U.S. Naval Air Station Whiddy Island was a US naval air station operated during the last year of World War I and commissioned 4 July 1918. Located on Whiddy Island in Bantry Bay, County Cork, Ireland, it was also known as Bantry Bay Station. The base was used for anti-submarine warfare patrols by Curtiss H-16 seaplanes.

History
At the start of United States of America's involvement in the First World War five sites in Ireland; Queenstown, Wexford, Lough Foyle, Whiddy Island and Berehaven were identified to be operated by the United States Navy in support of allied operations against enemy submarines.

Operations
The Whiddy Island station was located on the eastern side of the island in Bantry Bay.

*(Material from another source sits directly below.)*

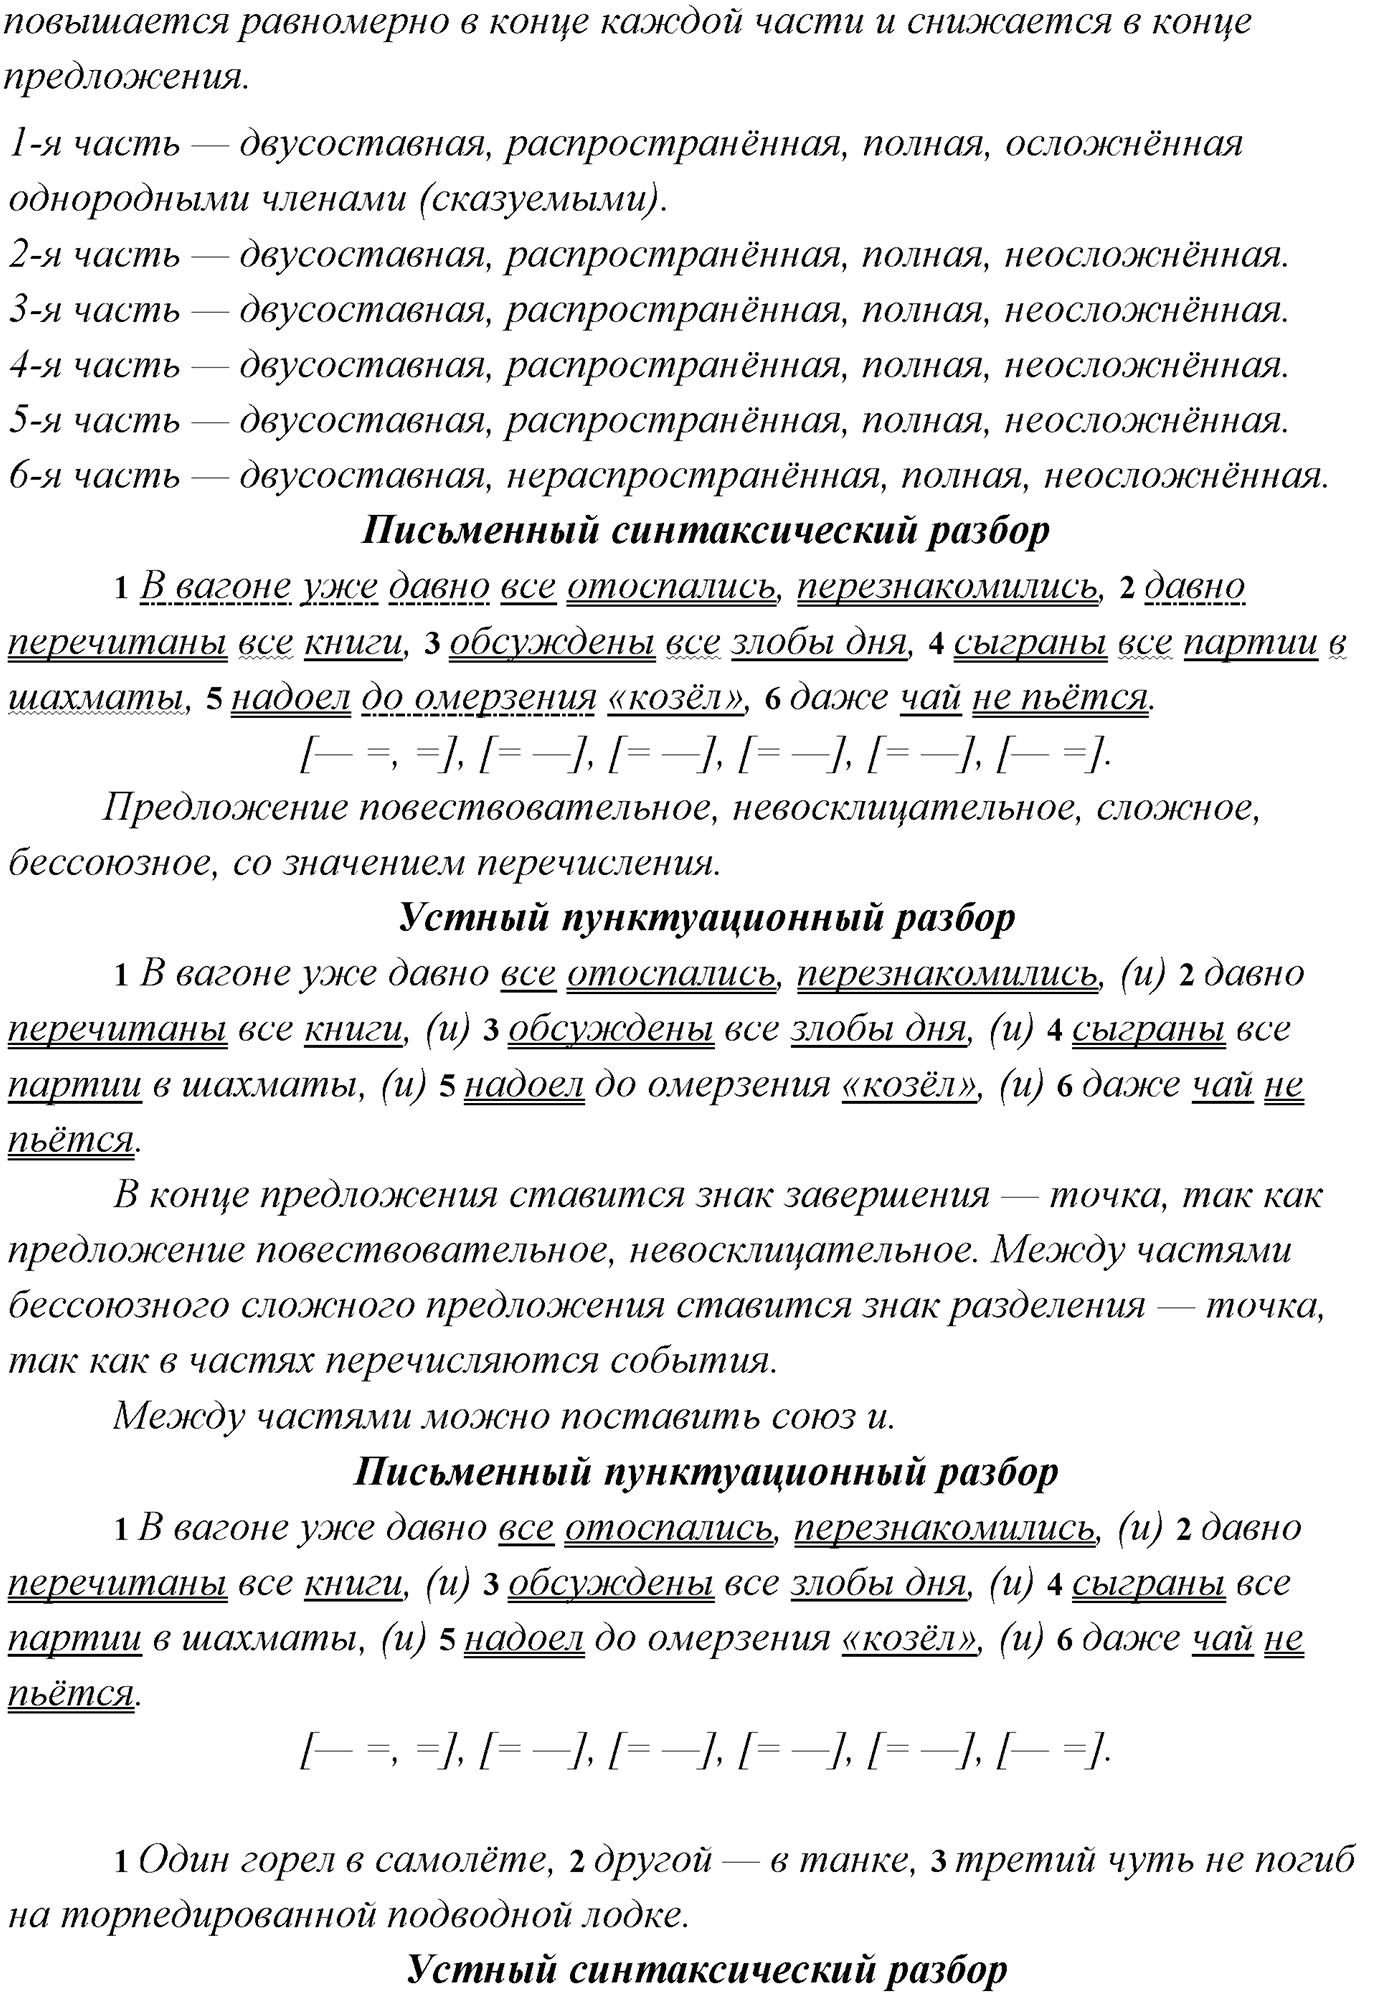 упражнение №309 русский язык 9 класс Рыбченкова, Александрова

Patrols and convoys for the waters to the southwest of Ireland were furnished by this station.

In all, five Curtiss Model H planes were based in Whiddy Island during 1918: BUNO *A1072, A1078, A1084, A3466, A4047, A4048. These were "pusher" type of aircraft with the engine and propeller behind the pilot.

The H-16 Large America, were equipped with four Lewis machine guns, a bomb load of four 230 pound bombs and a crew of five - a pilot, two observers, a mechanic and a wireless operator.

Accident
An aircrew crashed on 22 October 1918. Walford A. Anderson (USNRF, AE2, Springfield, MO) was killed in the crash.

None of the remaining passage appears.